Uranium Producer Consolidation Ahead?
By Greg Peel
The spot uranium market took a turn for the worse the week before last, dominated by a couple of aggressive sellers bailing in the wake of Japanese reactors remaining idle post Fukushima and the so-called German U-turn. BA-Merrill Lynch analysts had expected a floor in the spot price at US$55.00/lb but two weeks ago industry consultant TradeTech's spot price indicator was marked at US$51.75/lb.
Those aggressive sellers have been sated now, however, which means last week saw remaining sellers backing off in price to tempt buyers higher. Activity was low with only three transactions totalling 300,000lbs of U3O8 occurring. Each deal was completed at a successively higher level so TradeTech spot indicator finished last week up US$2.00 to US$53.75/lb.
With no action in the term markets, TradeTech's mid-term indicator remains at US$58/lb and long-term at US$68/lb.
Weakness in the spot price and general uncertainty has kept investors well away from uranium stocks, Merrills notes.
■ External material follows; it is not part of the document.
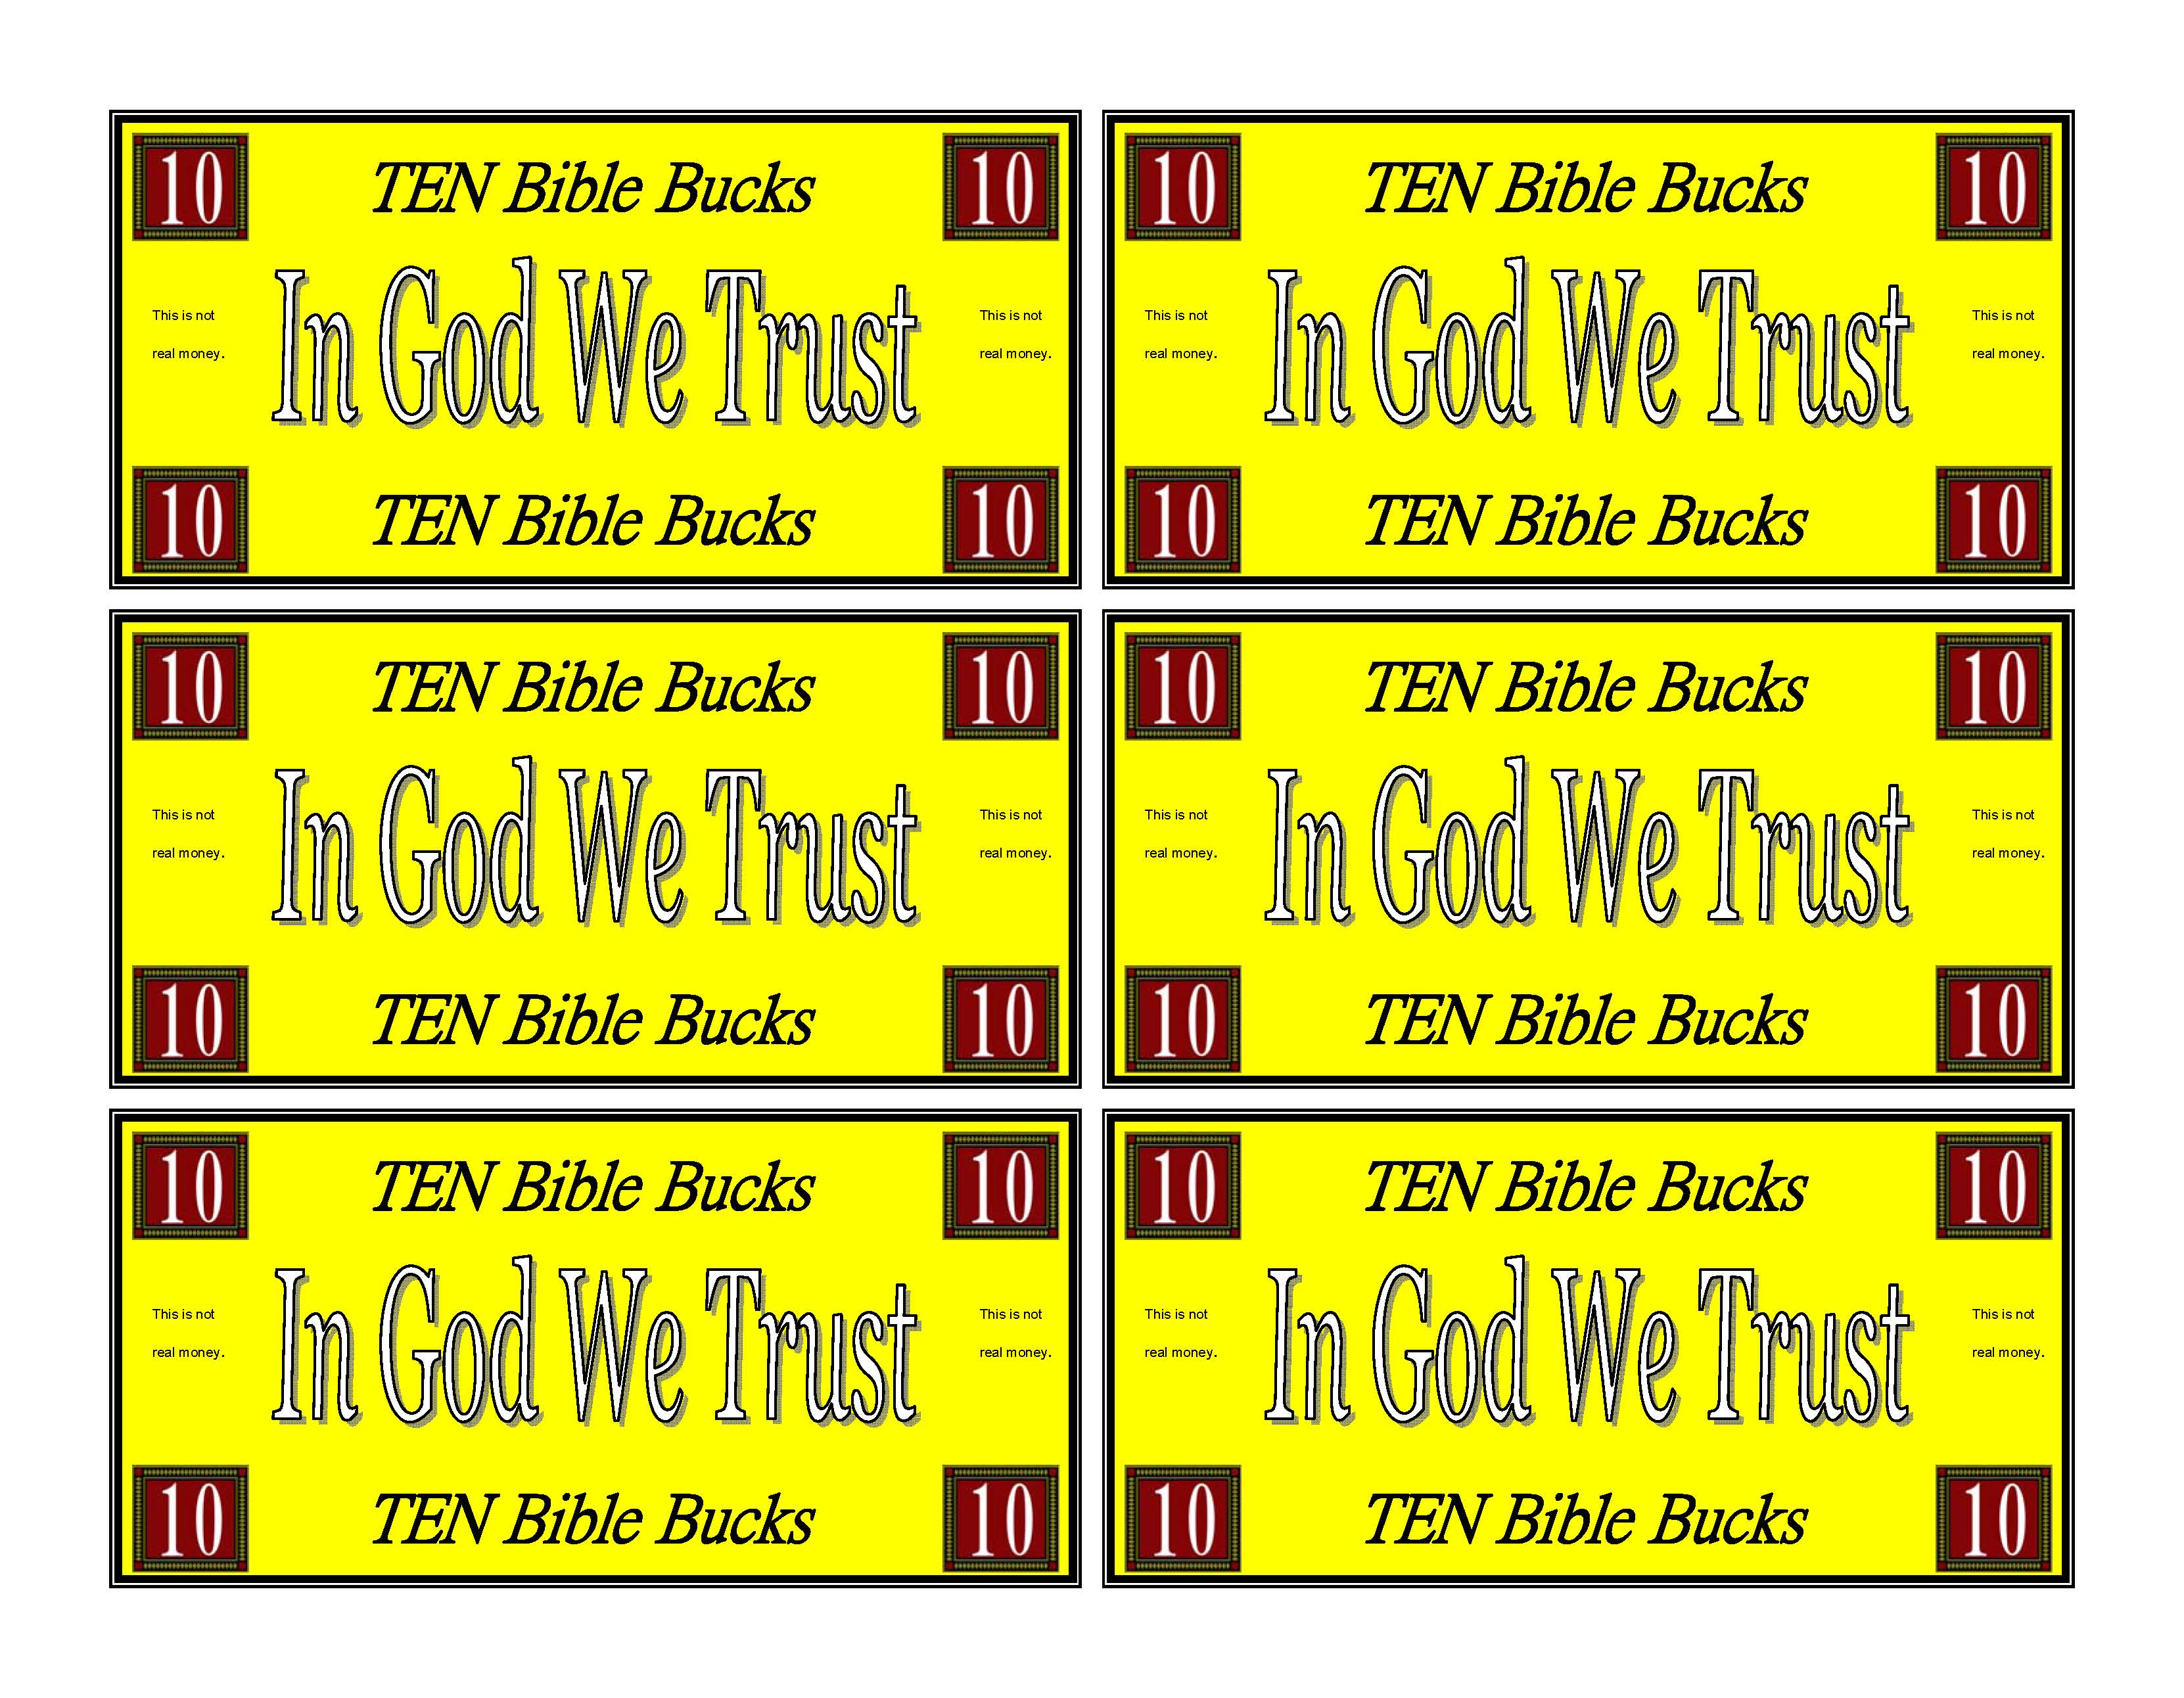 bible-bucks-for-sunday-school-kids-ministry-church-play-money-templates

We are also currently in a seasonal low in typical uranium demand. However among the larger caps, investors are beginning to recognise investment opportunities, the analysts suggest.
Merrills has downgraded its average spot price forecasts by 8% in 2011-12, to US$61/lb and US$67/lb respectively. The year-to-date average of TradeTech's weekly spot price indicator on FNArena's calculation is currently US$61/lb. The crunch for the market nevertheless comes in 2013-14 when Russian warhead supply is set to expire, and there Merrills forecasts US$75-80/lb.
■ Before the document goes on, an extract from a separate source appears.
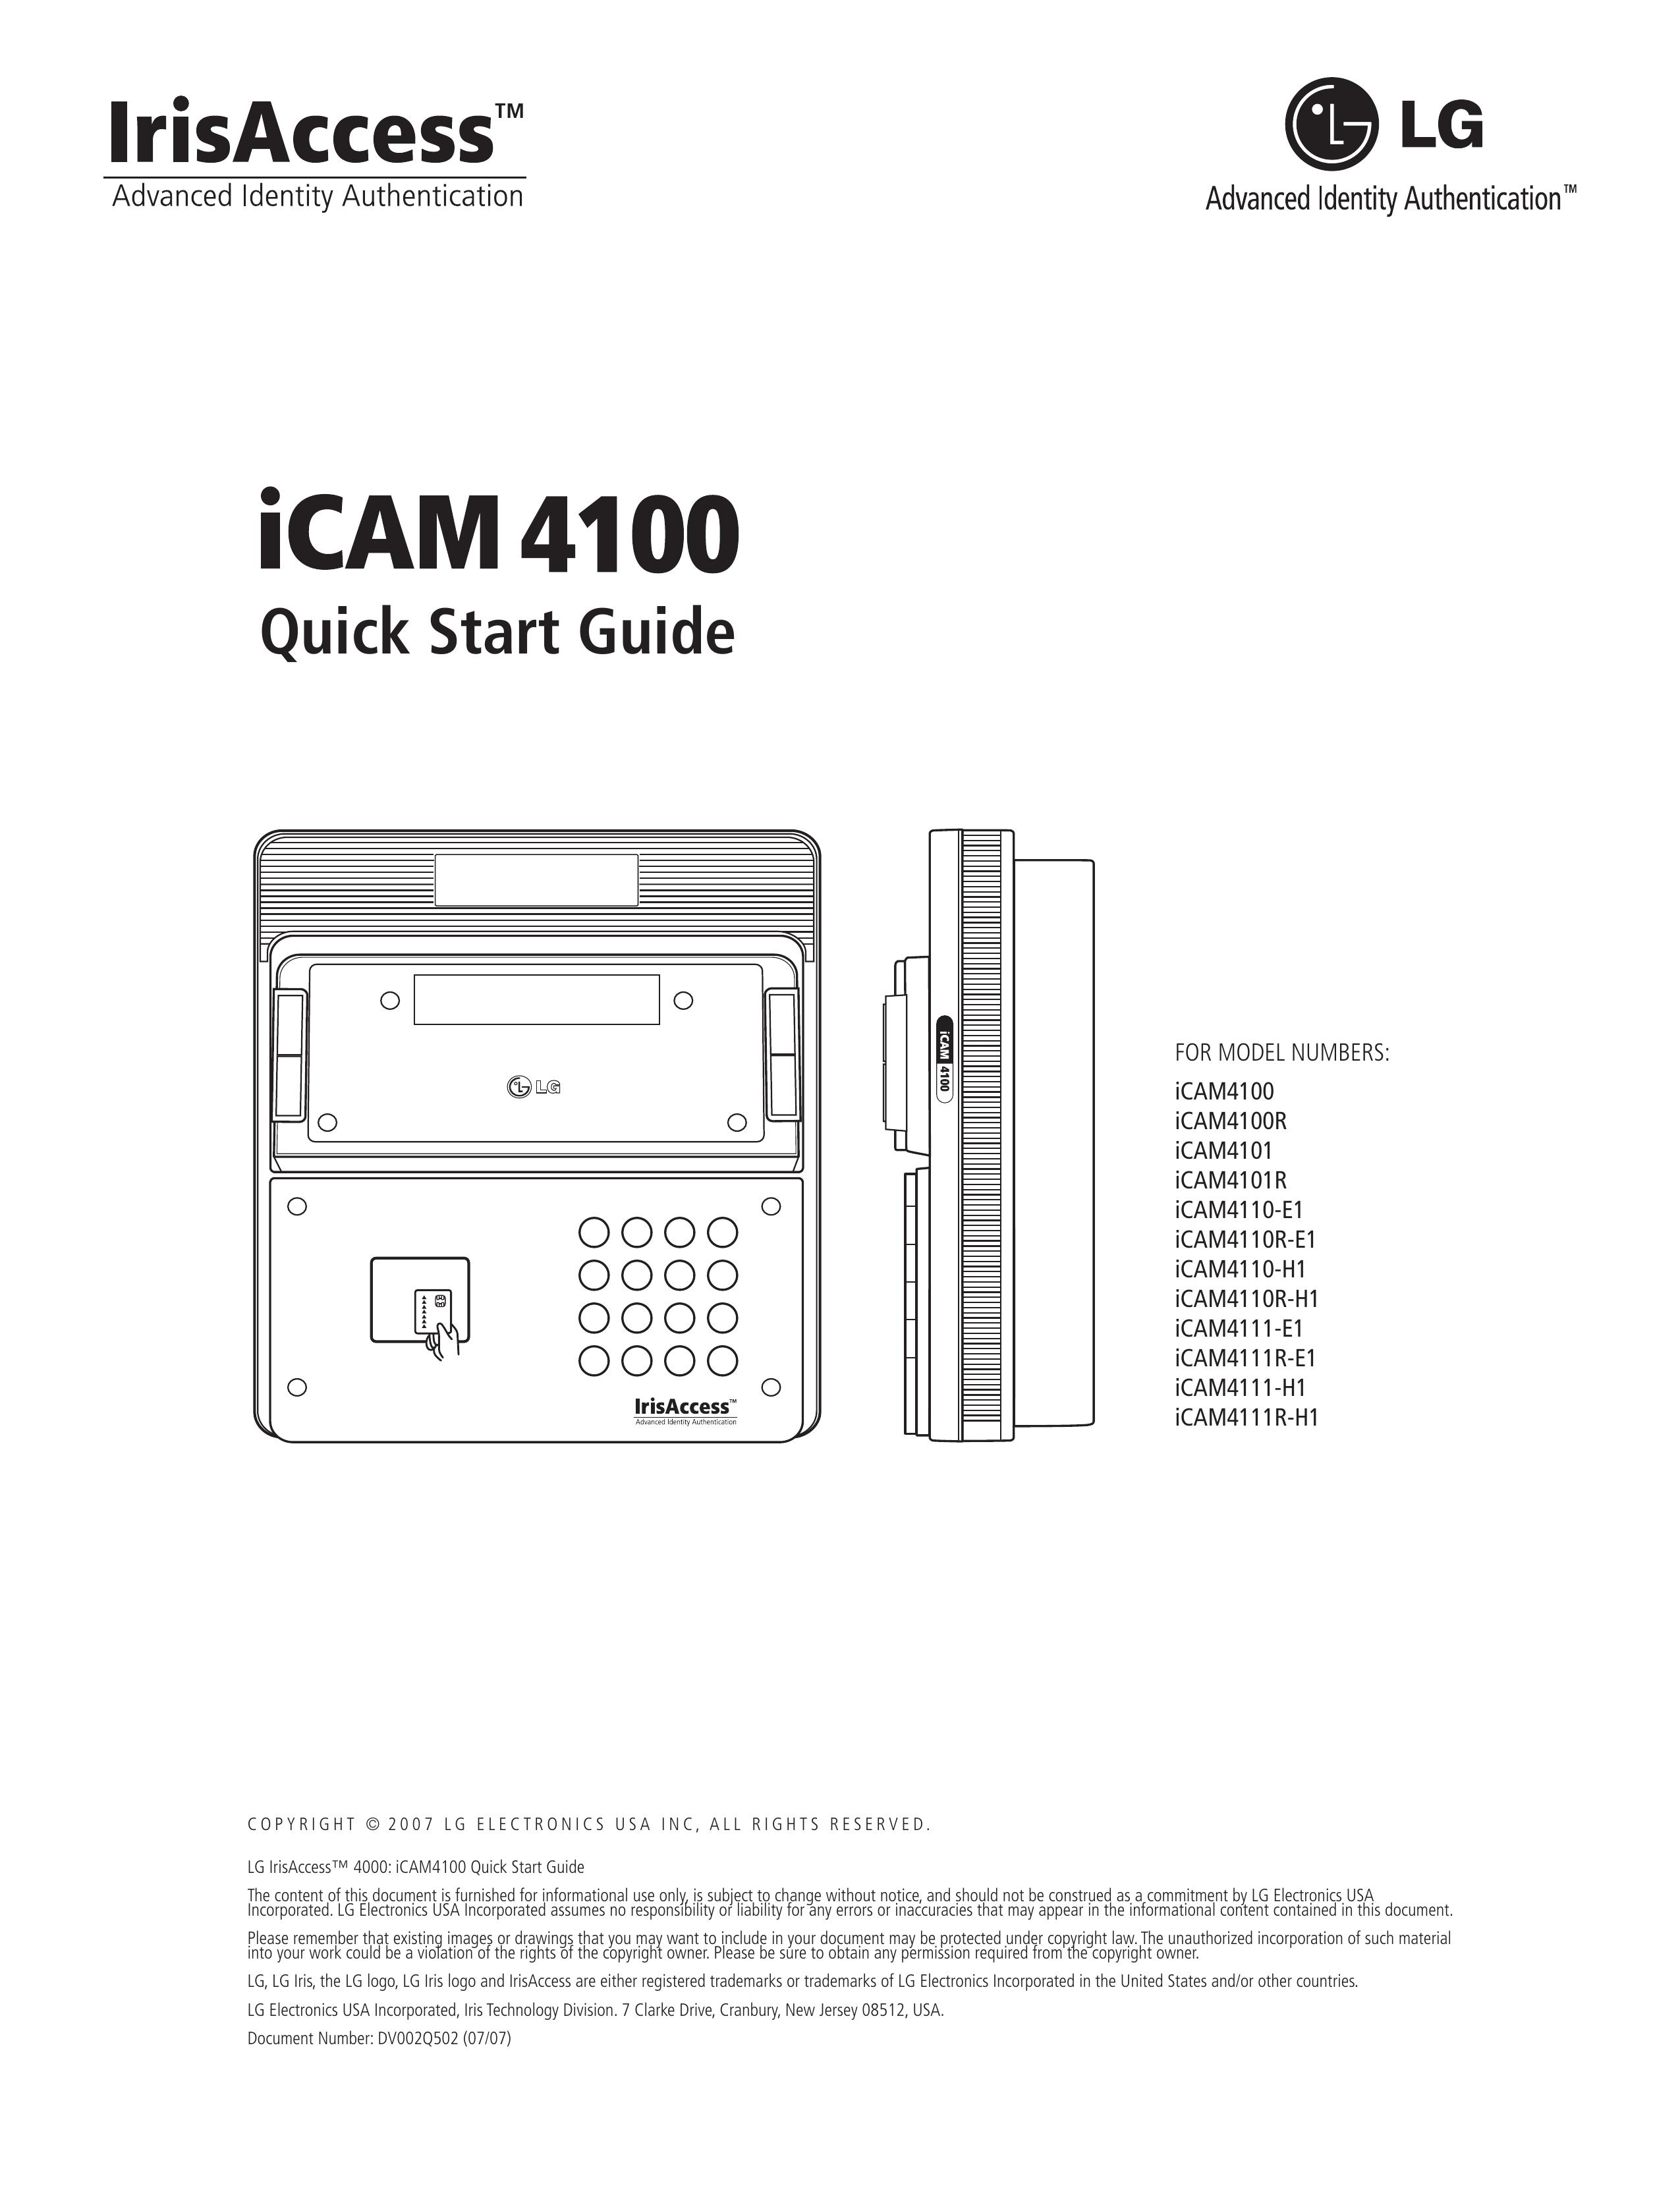 LG Electronics iCAM4110R-E1 Digital Camera User Manual

Merrills has reduced its global uranium demand forecasts (ex of Chinese stockpiling) by 5-6% in 2011-13. However it's on the supply side of the equation Merrills sees pressure building. The analysts forecast a 0.5% fall in 2011 production, which is significant given Kazakhstan now controls a 35% share of supply. Cuts to global mine production are now 5% lower than previous forecasts through 2013.
Market dependency is growing, Merrills suggests, on a timely 2013-14 commissioning of Cameco's Cigar Lake mine in Canada and Extract Resources' ((EXT)) Husab mine in Namibia.
Most importantly, uranium miners have, like every other miner, being battling with rapidly rising capital expenditure, cost inflation, and currency headwinds. In the analysts' view, the incentive uranium price for a greenfield project is now US$$80/lb, which is thirty-odd percent above their forecast 2011 average price. With barriers to entry building, so too is the incentive for large caps to pursue a "buy versus build" strategy ? taking out smaller players with producing or brownfield projects rather than investing funds from scratch. And the turn in investor sentiment since March provides potentially attractive entry points.
Indeed, Cameco's CEO said as much last week in a presentation. Merrills is anticipating opportunistic acquisitions and/or project joint ventures ahead, and on both an Australian and global basis the analysts' two preferred stocks are Paladin Energy ((PBN)) and Extract Resources.